Rudy spun the wheel, and even as I brought my binoculars up, I felt the Hutchison begin its turn. Outside, a beam of light skewered the other boat; Jack had manned our spotlight.

The dark freighter continued to close the distance, forcing us to the north. Her ship's whistle shrilled above the whine of the wind in our rigging. Signal rockets screamed from her deck as if it was a Fourth of July fireworks show. But despite the lights and noise, I could see no sign of life.

We ran in that manner for ten minutes, the Hutchison always moving to the northeast, fighting to maintain a distance. There were moments I was certain we would capsize, but each time we rolled, Hutchison wallowed back into line.

Then, just as it appeared we would gain no breathing room, the other boat shuddered, as if a huge and unseen fist had struck it, and its forward progress slowed. The Hutchison raced away and as we gained clearance, I had Rudy bring her back to an eastward heading.

As we pulled away, the movements of the other boat became stilted. Waves hurled the little freighter sideways across the Lake.

The wind ripped at her superstructure, smashing doors and hatches and blowing away deck gear. Sweeping gray water made matchwood of her lifeboats. She was pitched about with so much force that her screw was racing in the open air one second and biting into the freezing water the next.

Then, without warning, she shuddered to a halt.

She had run aground, just as Hutchison would have, had we stayed that course. Her bow split open, much like a fresh egg tapped upon a counter top.

And she foundered and sank.

###

There's not much to tell after that. Andy's repair crew was battered but alive. They confessed later they had been too busy hanging on to see much of anything.
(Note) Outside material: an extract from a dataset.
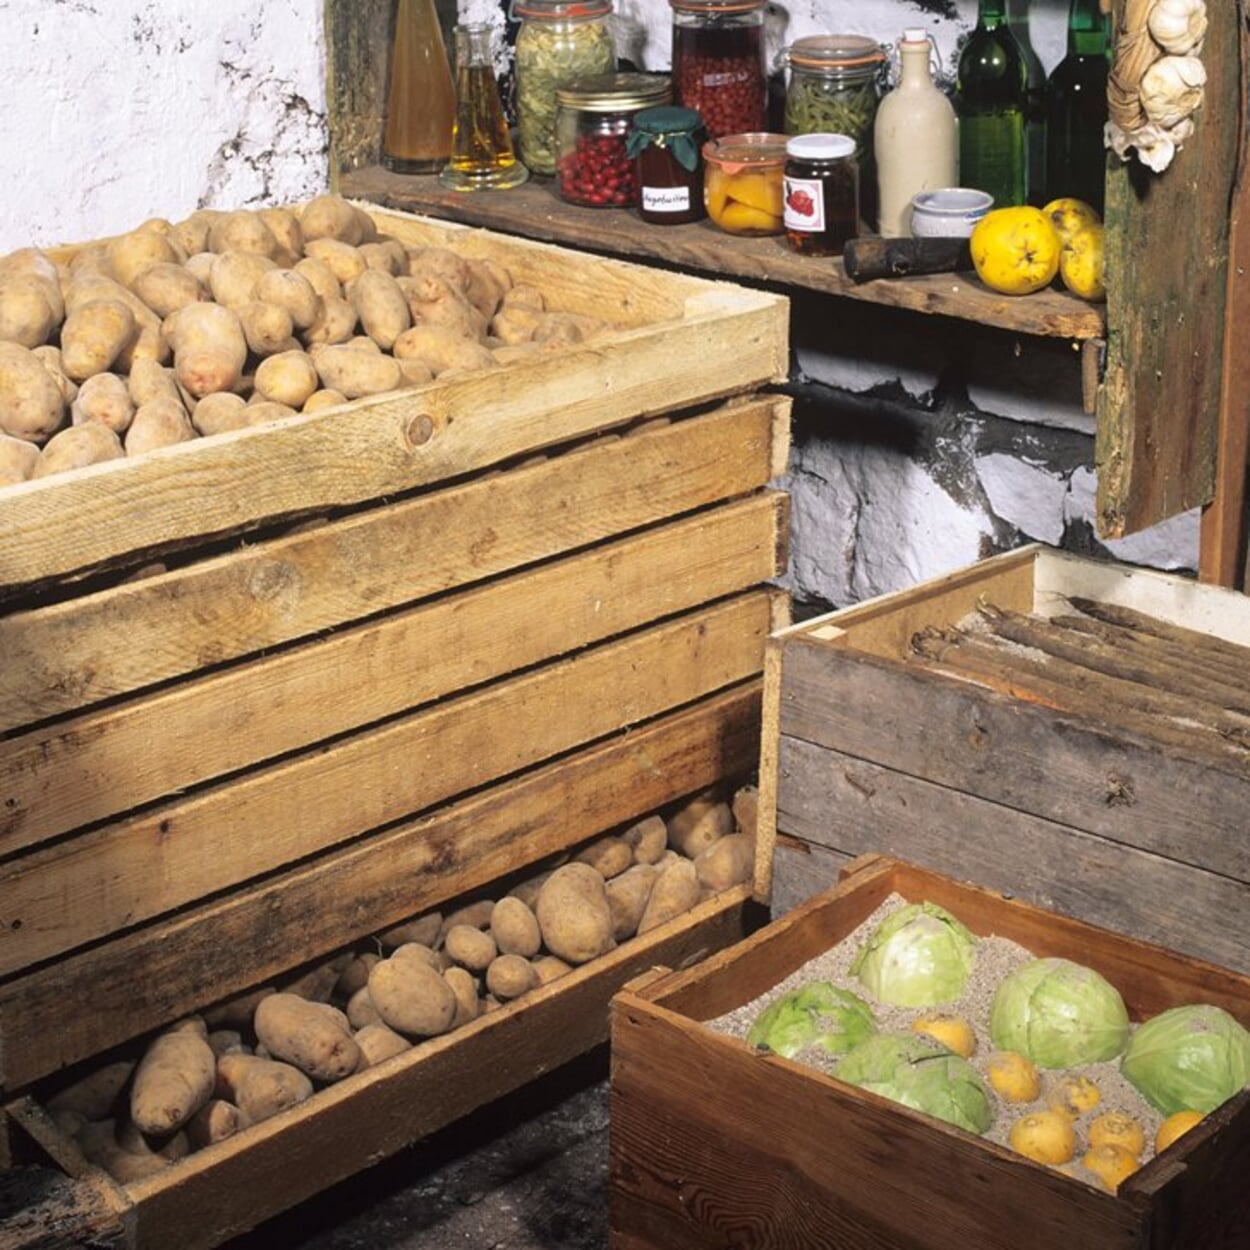 Kartoffeln in Kisten kühl lagern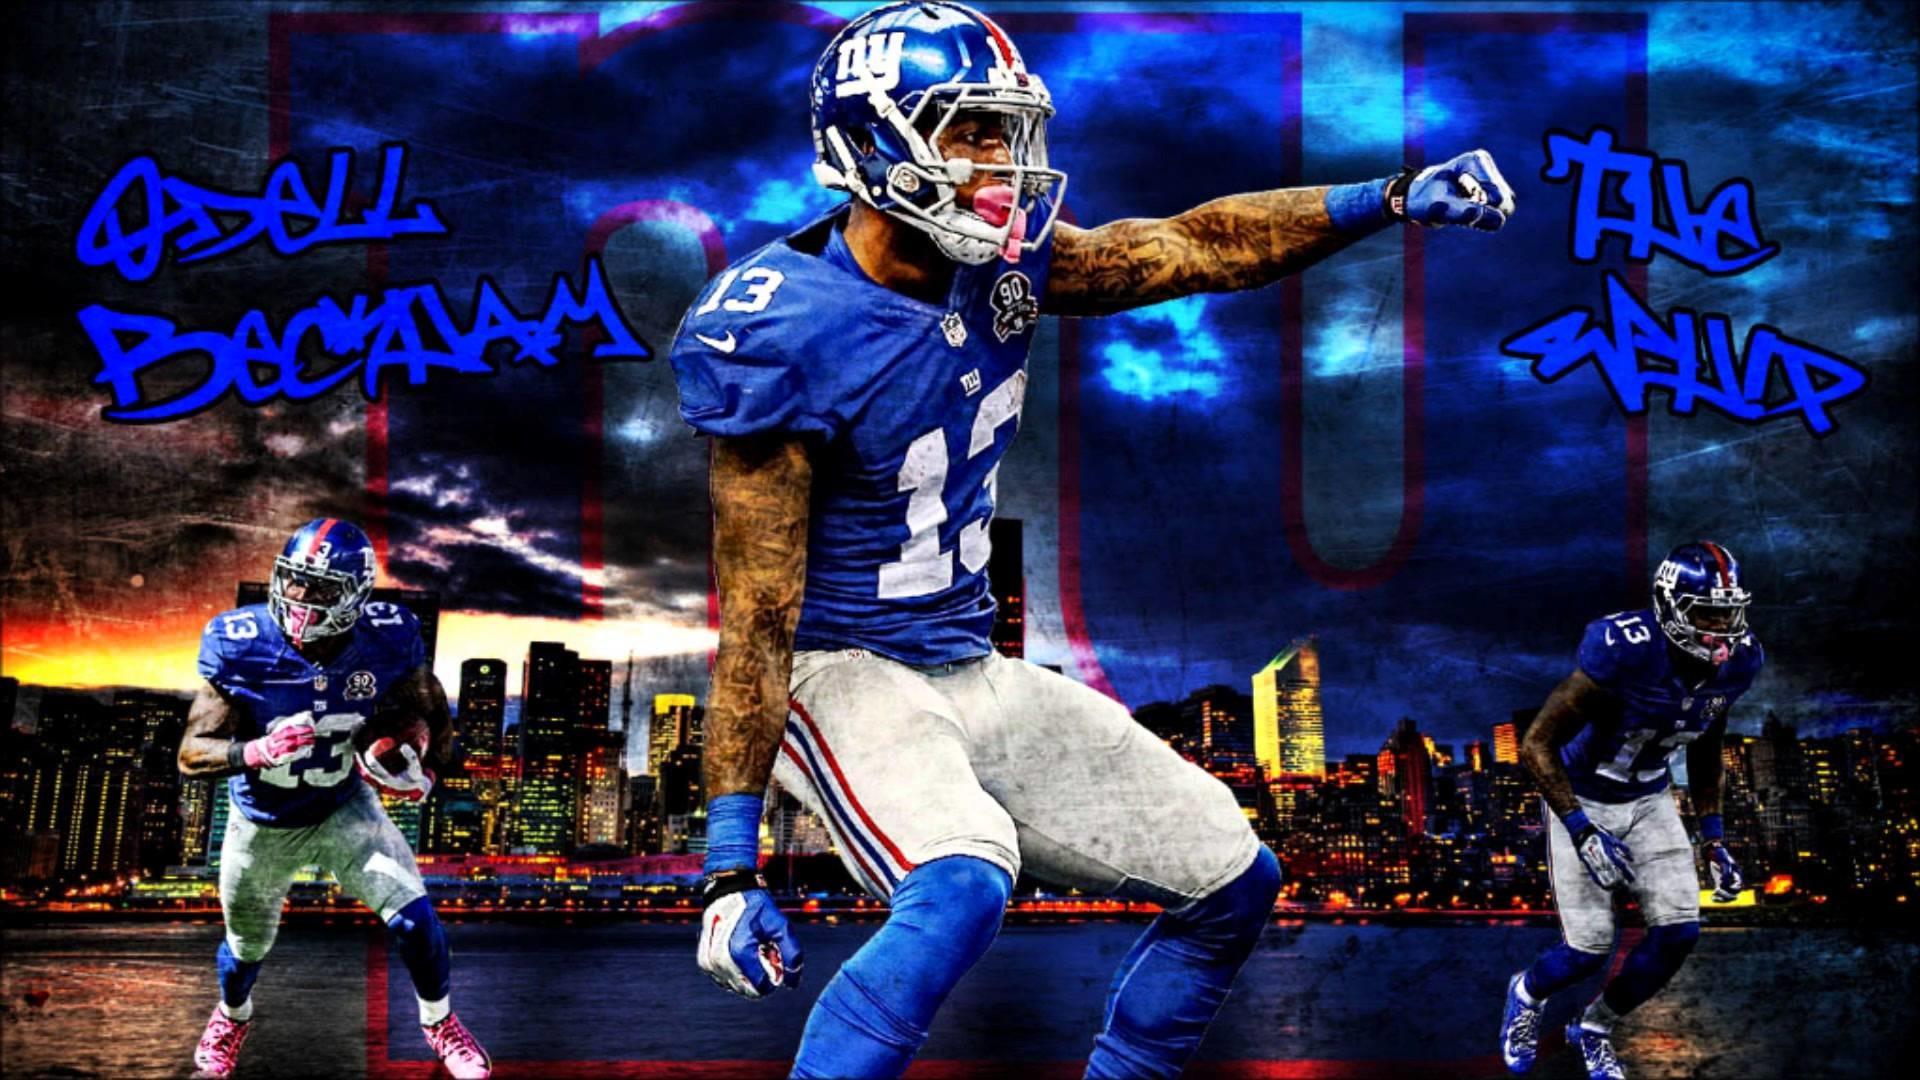 FREE NFL Odell Beckham Jr Wallpaper

We made the rest of the run into Sault Saint Marie without incident.

When Rudy went off duty, he was the center of attention, for the remainder of the crew had been stuck below deck for that ten-minute ride. Jack Mathias and I remained silent about the incident, even with each other, except for the few seconds after he returned from the flying bridge.

“You saw the markings on the stack, didn't you?” he asked.

He was soaked clear through and shivering; stunned surprise shone from his face with as much intensity as the spotlight he had wielded moments before. He was desperate for confirmation of his sanity, too, and so I gave it to him.

“It was Bannockburn . She was pushing us north.” He nodded, wiped at his eyes, and then we went back to work.

I swear that every word I've told you is true. You can call it superstitious claptrap, but over the years I have come to believe that not all ghostly sightings are omens of misfortune nor are all spirits malevolent.

My old man used to say that he had never known a captain who wouldn't do everything in his power to come to the aid of another boat in peril. I believe that's true.

Even if death has come on board.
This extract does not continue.